Let $$A := \begin{pmatrix} 0 & 1 & 0 & \cdots & 0 \\ 0 & 0 & 1 & \cdots & 0 \\ \vdots & \vdots & \vdots & \cdots & \vdots \\ -a_n & -a_{n - 1} & -a_{n - 2} & \cdots & -a_1 \end{pmatrix}$$

I have to find $B$, $J$ such that $A = BJB^{-1}$ such that $J$ is a Jordan matrix. I already proved that $$\det(\lambda E - A) = \lambda^n + a_1\lambda^{n - 1} + ... + a_n$$ (just simple induction).
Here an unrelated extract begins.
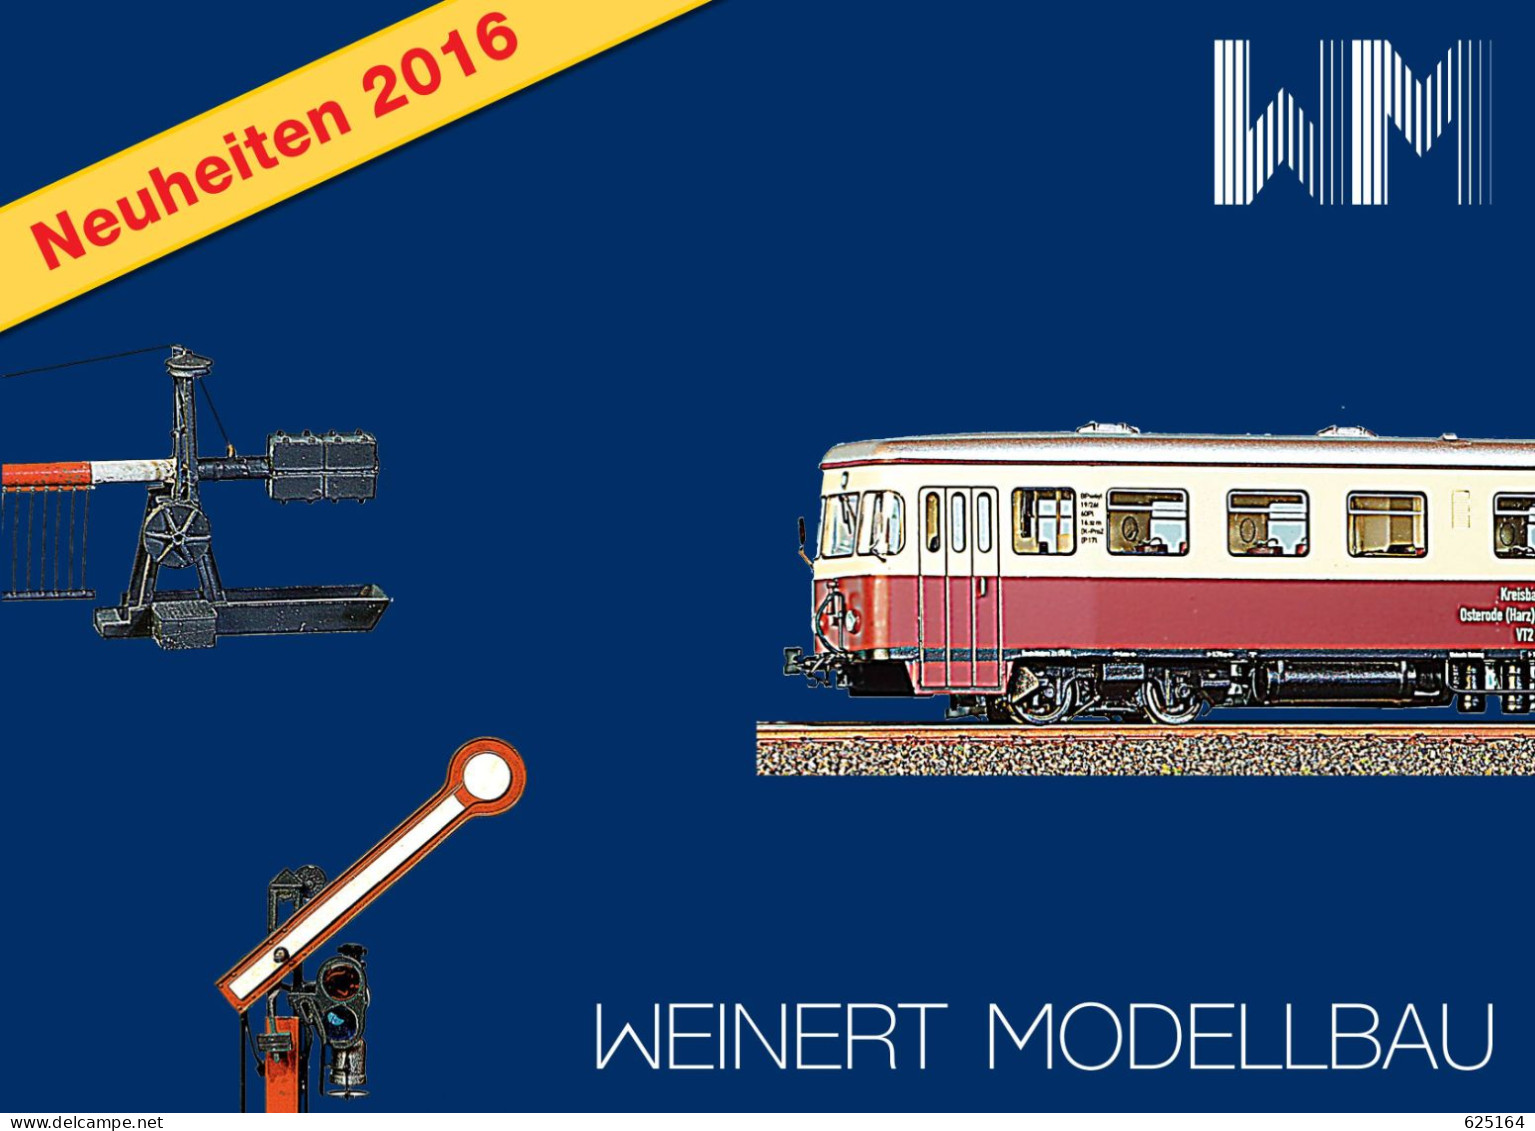 Catalogue WEINERT MODELLBAU 2016 Neuheiten Messing Bausatz Spur HO Z N TT O 1 - Duits

I know that this gives the eigenvalues, and if $a_n, ..., a_1$ are known, I can find the eigenvalues and generalised eigenvectors, and write down the Jordan normal form, but I don't see how there is a general solution to this problem, as $(A - \lambda E)^n$ does not have a nice closed form. This is homework for a differential equation course, so maybe we can use some of that theory here?

Answer 1

Let $\lambda$ be a root of $x^n+a_1x^{n-1}+\cdots a_n=0$ then with

$$A=\begin{pmatrix} 0&1&0\\ 0&0&1\\ -a_3&-a_2&-a_1 \end{pmatrix} $$

we have

$$A-\lambda I=\begin{pmatrix} -\lambda&1&0\\ 0&-\lambda&1\\ -a_3&-a_2&-a_1-\lambda \end{pmatrix} $$ and

$$\begin{pmatrix} -\lambda&1&0\\ 0&-\lambda&1\\ -a_3&-a_2&-a_1-\lambda \end{pmatrix} \begin{pmatrix} 1\\ \lambda\\ \lambda^2 \end{pmatrix}= \begin{pmatrix} 0\\0\\-(a_3+a_2\lambda+a_1\lambda^2+\lambda^3)\end{pmatrix} =\begin{pmatrix} 0\\0\\0\end{pmatrix} $$

Note further that

$$\begin{pmatrix} -\lambda&1&0\\ 0&-\lambda&1\\ -a_3&-a_2&-a_1-\lambda \end{pmatrix} \begin{pmatrix} 0\\ 1\\ 2\lambda\\ \end{pmatrix} =\begin{pmatrix} 1\\\lambda\\-a_2-2\lambda a_1-2\lambda^2\end{pmatrix} =\begin{pmatrix} 1\\\lambda\\\lambda^2\end{pmatrix} $$

provided that

$$p^{\prime}(\lambda)=0$$

Answer 2

Your matrix is the transpose of the companion matrix. It can be shown that its characteristic polynomial and minimal polynomial are both equal to $$p(\lambda) = \lambda^n + a_1\lambda^{n - 1} + \cdots + a_n$$

Assume the minimal polynomial splits as $$p(\lambda) = (\lambda - \lambda_1)^{p_1}\cdots(\lambda - \lambda_k)^{p_k}$$ Then every Jordan block is of the maximal dimension $p_i$.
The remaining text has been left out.